# Water Pressure in Radiator



## ManuelB (Oct 18, 2016)

So...im not Mechanic but try my best to do as much as i can by myself...Theres the Problem:

I bought a 65 in Dezember 2017, when i was there to look at the car i popped the Hood and opened the Radiator Cap...Boom...the car was Cold but there was A LOT of Pressure in it.

Didn`t mind...bought the Car, drove it the whole last Year. Temperature was never higher than 190° F ( I got an Aluminium Radiator and a Big and two small Electric Fans).


A few Days ago i opened the Radiator Cap and the Same Thing happened. A lot of Pressure in the Radiator. Now i checked the Termostate, this one is completely Stuck. 

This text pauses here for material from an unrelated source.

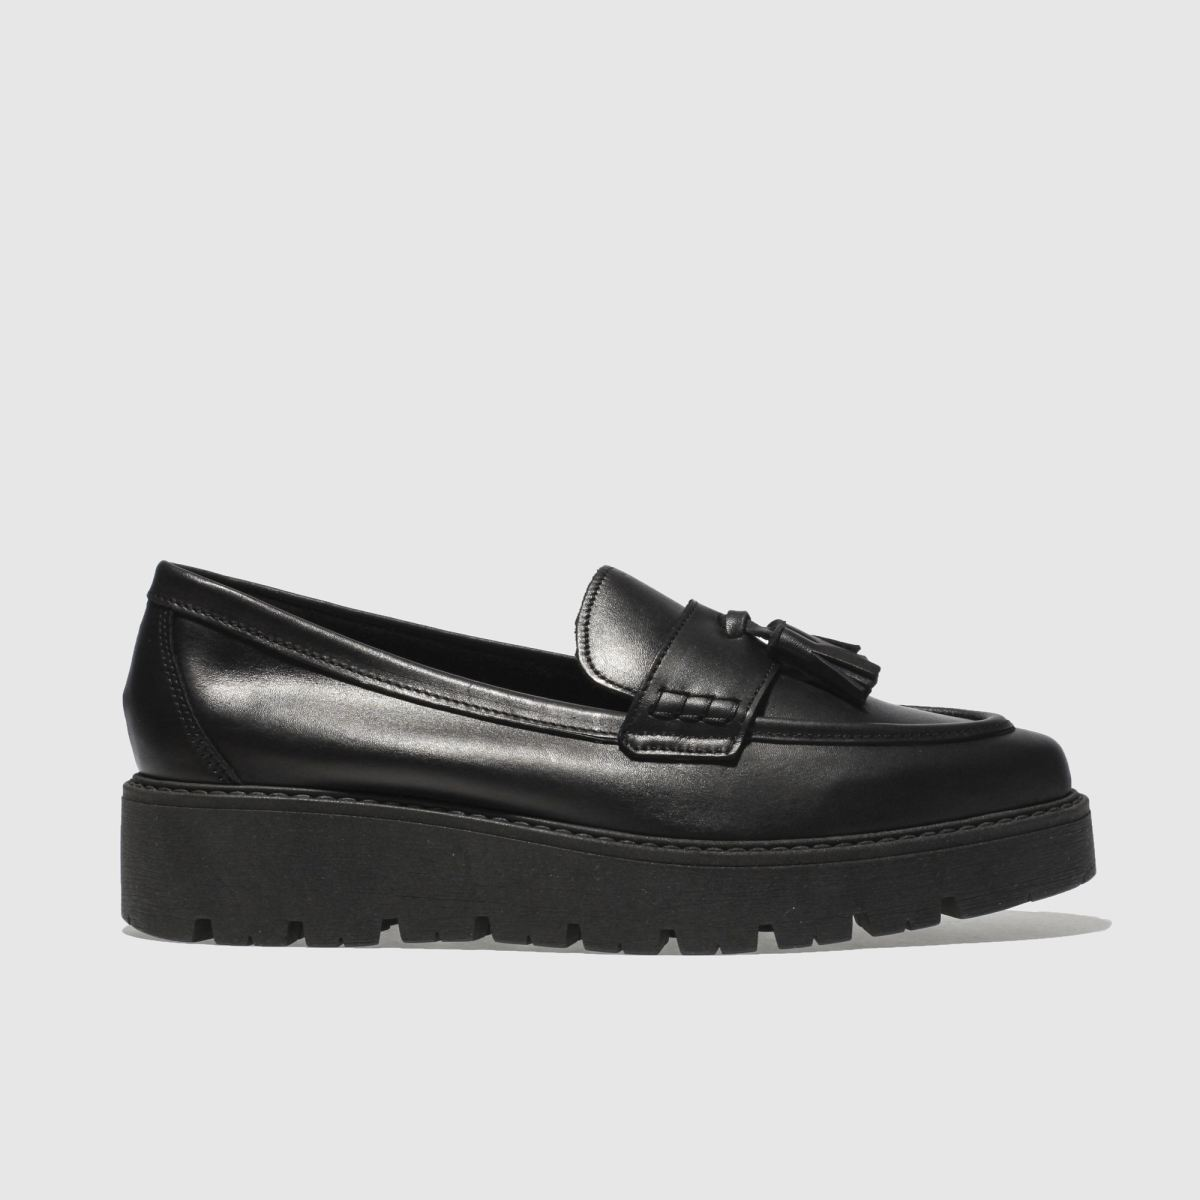 Schuh Black Stroller Flat Shoes

Now could this be the only Reason? Heard thet a bad Head Gasket could cause this Problem too...but the Car runs perfect and i don`t have any Water in Oil.


----------



## cij911 (Oct 25, 2017)

ManuelB said:


> So...im not Mechanic but try my best to do as much as i can by myself...Theres the Problem:
> 
> I bought a 65 in Dezember 2017, when i was there to look at the car i popped the Hood and opened the Radiator Cap...Boom...the car was Cold but there was A LOT of Pressure in it.
> 
> ...


Remove the thermostat or replace with a working 160 - 180* (you choose) and you should find you are fine.....


----------